Node:Struct size, Next:Struct packing, Previous:0xfe+0x20, Up:Miscellany

22.11 What should sizeof (struct xyzzy) return?

Q: When I call sizeof on a struct, I sometimes get values which are larger than the sum of the sizes of the struct members, whereas in Borland C++ I always get the correct result. Is it a bug in GCC?

Q: I have a program that reads struct contents from a binary file. It works OK when compiled with BC, but reads garbage when compiled with DJGPP. This must be a bug in DJGPP, right?

A: No, it's not a compiler bug. GCC generates 32-bit code, and in that mode, there is a significant penalty (in terms of run-time performance) for unaligned accesses, like accessing a 16-bit short which isn't aligned on a 16-bit word boundary, or accessing a 32-bit int which isn't aligned on a 32-bit dword boundary. To produce faster code, GCC pads struct members so that each one can be accessed without delays; this sometimes produces struct size which is larger than the sum of the sizes of its members. If you need to minimize this padding (e.g., if your program uses large arrays of such structs, where padding will waste a lot of memory), lay out your structures so that the longer members are before the shorter ones. For example, let's say that you have a struct defined thus:

  struct my_struct {
    char name[7];
    unsigned long offset;
    double quality;
  };

To make such a struct use the least number of bytes, rearrange the members, like this⁴⁰:

  struct my_struct {
    double quality;
    unsigned long offset;
    char name[7];
  };

If the layout of the structure cannot be changed (e.g., when it must match some external specification, like a block of data returned by a system call), you can use the __attribute__((packed)) extension of GCC (see GNU C/C++ Manual.) to prevent GCC from padding the structure members; this will make accesses to some of the members significantly slower.

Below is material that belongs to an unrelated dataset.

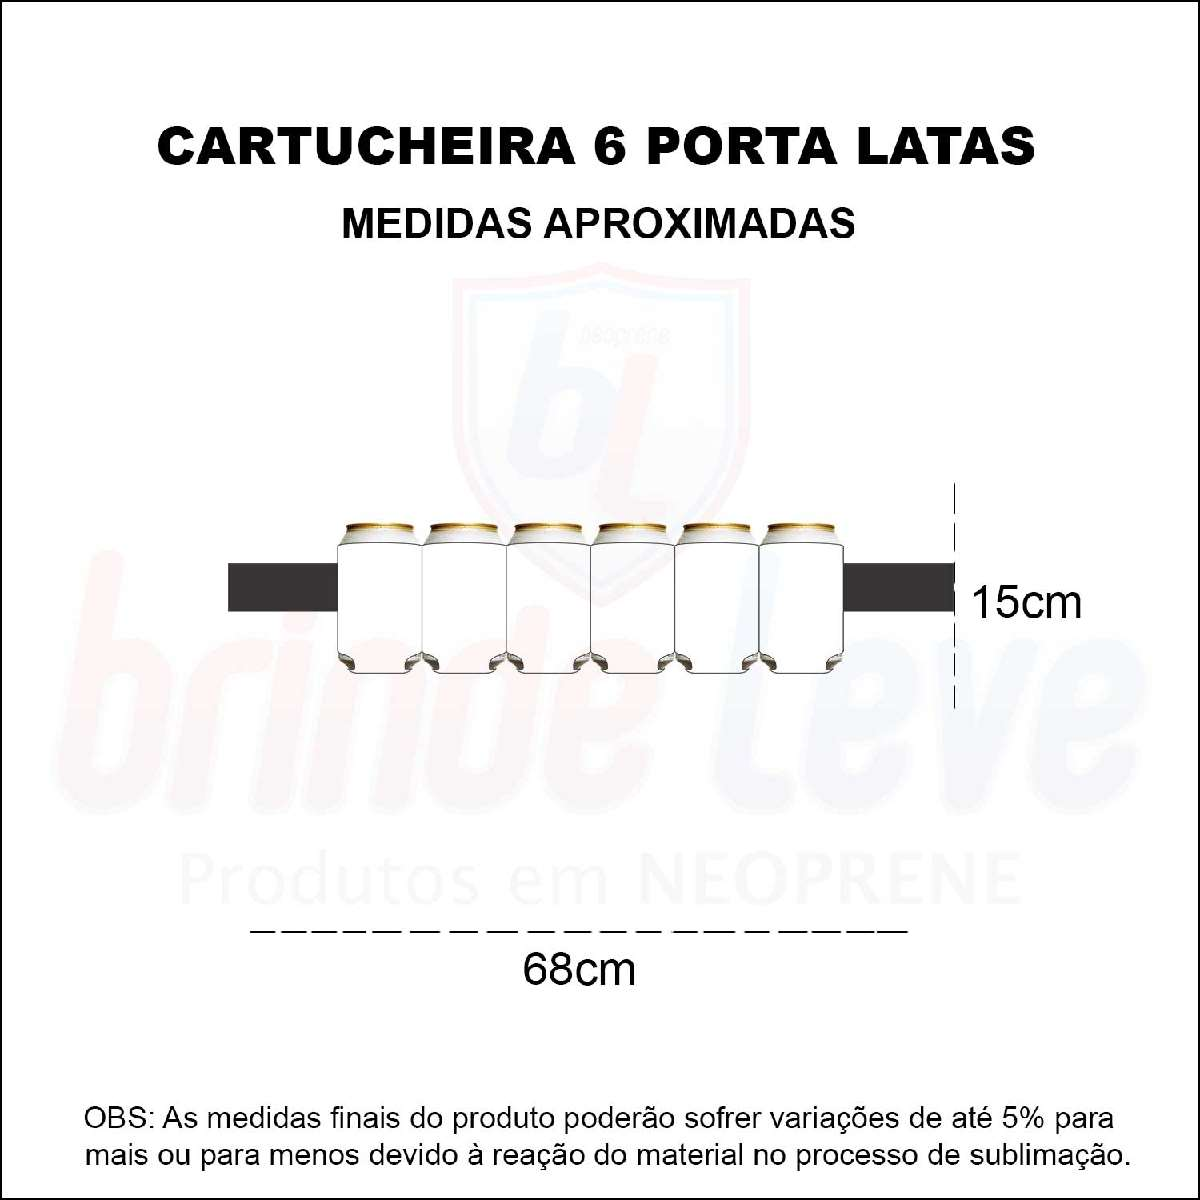 Medidas Cartucheira Cinto Porta Lata Personalizado 6 Latas

Beginning with version 2.7.0, GCC has a command-line option -fpack-struct which causes GCC to pack all members of all structs together without any holes, just as if you used __attribute__((packed)) on every struct declaration in the source file you compile with that switch. If you use this switch, be sure that source files which you compile with it don't use any of the structures defined by library functions, or you will get some members garbled (because the library functions weren't compiled with that switch). Also, GCC 2.95.1 and 2.95.2 had bugs in their support of -fpack-struct (the bug is corrected in v2.96 and later).

Alternatively, you could declare a particular structure to be packed, like so:

  struct my_struct {
    char name[7];
    unsigned long offset;
    double quality;
  } __attribute__ ((packed));

However, note that the latter will only work when you compile it as a C source; C++ doesn't allow such syntax, and you will have to fall back to declaring each struct member with the packed attribute. Therefore, it's best to only use declarations such as above if you are certain it won't be ever compiled as a C++ source.

The padding of struct members should be considered when you read or write struct contents from or to a disk file. In general, this should only be done if the file is read and written by the same program, because the exact layout of the struct members depends on some subtle aspects of code generation and the compiler switches used, and these may differ between programs, even if they were compiled by the same compiler on the same system. If you do need this method, be aware of the struct member padding and don't assume that the number of the file bytes that the structure uses is equal to the sum of the members' sizes, even if you instructed the compiler to pack structs: GCC still can add some padding after the last member. So always use sizeof struct foo to read and write a structure.

Another problem with porting programs that read structs from binary files is that the size of some data types might be different under different compilers. Specifically, an int is 16-bit wide in most DOS-based compilers, but in DJGPP it's 32-bit wide.

You should never read whole structures if they were written by other programs. Instead, read the struct members one by one, and make sure the member declarations are consistent with their definitions in the program that wrote the struct. For example, if a struct member was declared int in a 16-bit program, you need to declare it short in a DJGPP program.

The best, most robust and portable way to read and write structs is through a char buffer, which your code then uses to move the contents into or out of the struct members, one by one. This way, you always know what you are doing and your program will not break down if the padding rules change one day, or if you port it to another OS/compiler. The ANSI-standard offsetof macro comes in handy in many such cases. If you need to change the byte order in struct members that occupy more than a single byte, use special library functions such as ntohl and htons.